The San Jacinto Battleground State Historic Site includes the location of the Battle of San Jacinto. It is located off the Houston Ship Channel in unincorporated Harris County, Texas, near the city of Houston. The site was designated a National Historic Landmark in 1960.

A prominent feature of the park is the San Jacinto Monument. Visitors can take an elevator to the monument's observation deck for a view of Houston, the Houston Ship Channel, and the San Jacinto battlefield.

==History==

The beginnings of the San Jacinto Battleground State Historic site trace to the early 1880s, when the State of Texas purchased ten acres along Buffalo Bayou in preparation for the fiftieth anniversary of the Texas Revolution. The Daughters of the Republic of Texas (DRT) pressured the Texas Legislature for more appropriations for San Jacinto.
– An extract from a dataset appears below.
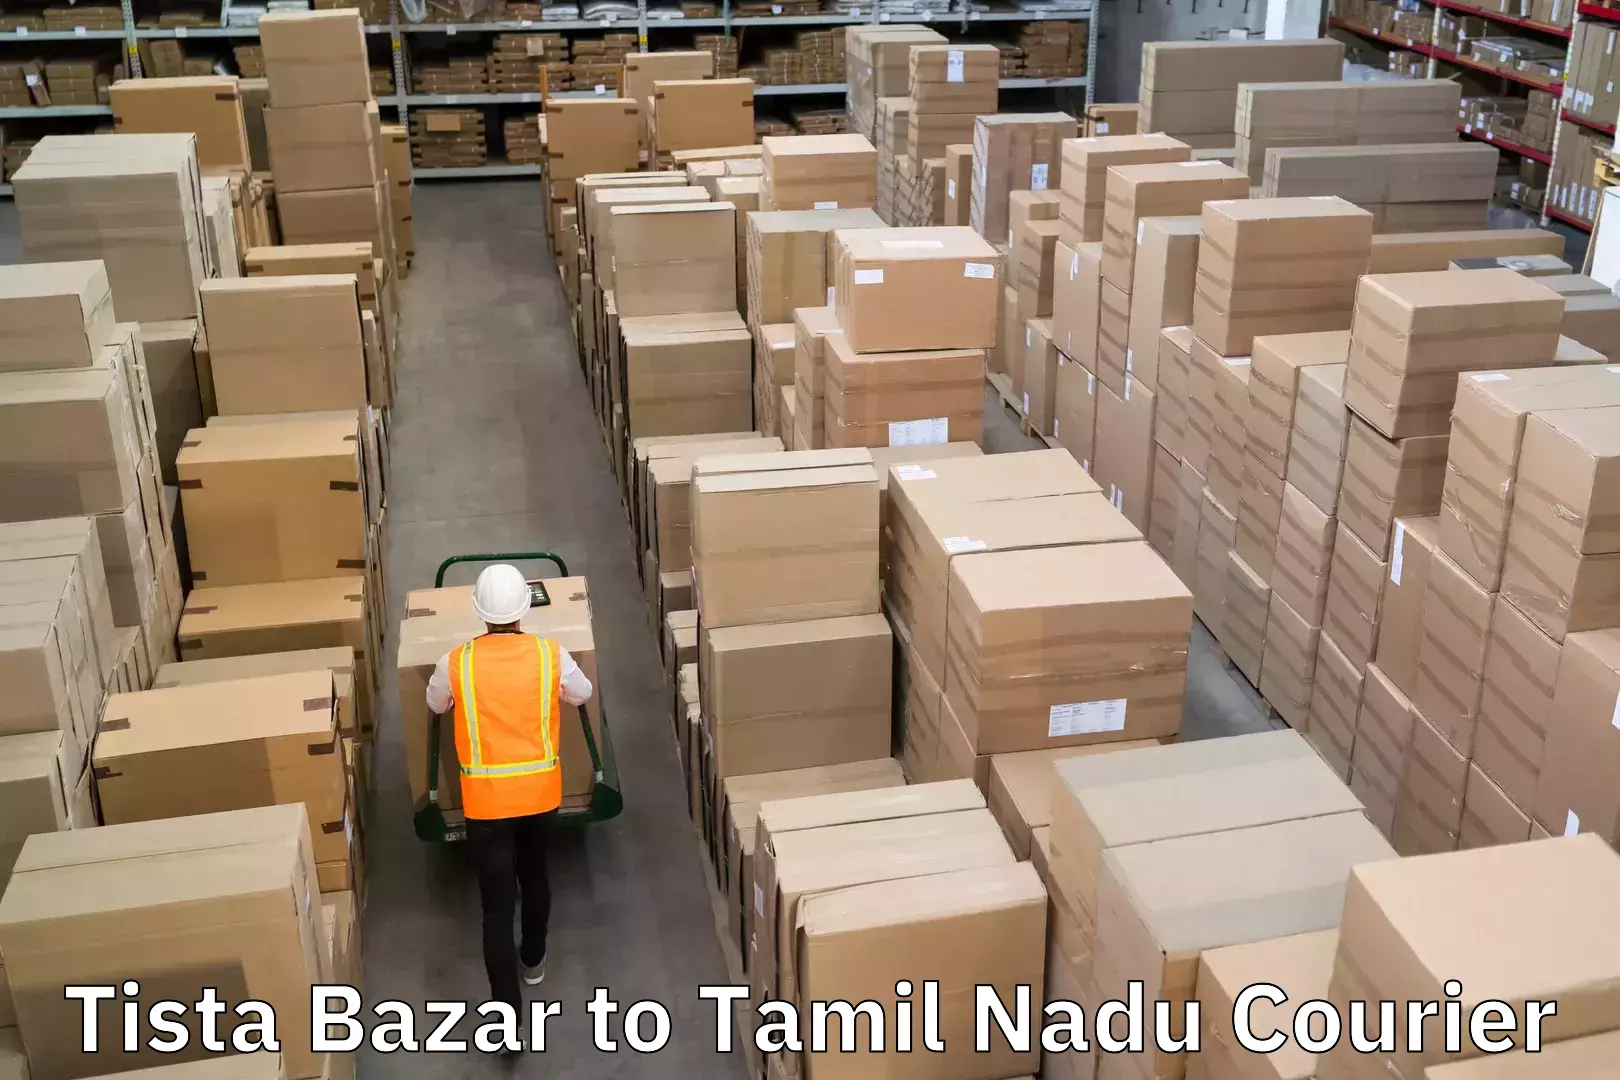 Urban courier service Tista Bazar to Tamil Nadu

In 1897, Texas State Senator Waller Thomas Burns of Houston helped to pass legislation to fund $10,000 to establish a public park. The money was used to purchase an additional 336 acres of land at San Jacinto. The state appropriated another $25,000 in 1907 for improvements at the battleground and officially named it San Jacinto State Park, the first official state park in Texas. A governor appointed local commission managed the park and reported to the State Board of Control. More state-assisted improvements came to the park in preparation for the 1928 Democratic National Convention in Houston. A grant from the U.S. Fish and Wildlife Service's Coastal Impact Assistance Program will be funding a $2.6 million construction project for improvements to the site's seawall, with an anticipated finish date of December 31, 2016.

==San Jacinto Museum==
The San Jacinto Museum is located inside the base of the San Jacinto Monument. In addition to the Battle of San Jacinto, the museum's exhibits focus on the history of Texan culture, including Mayan, Spanish and Mexican influences, the history of the Texas Revolution and the Republic of Texas, and important figures in Texas history.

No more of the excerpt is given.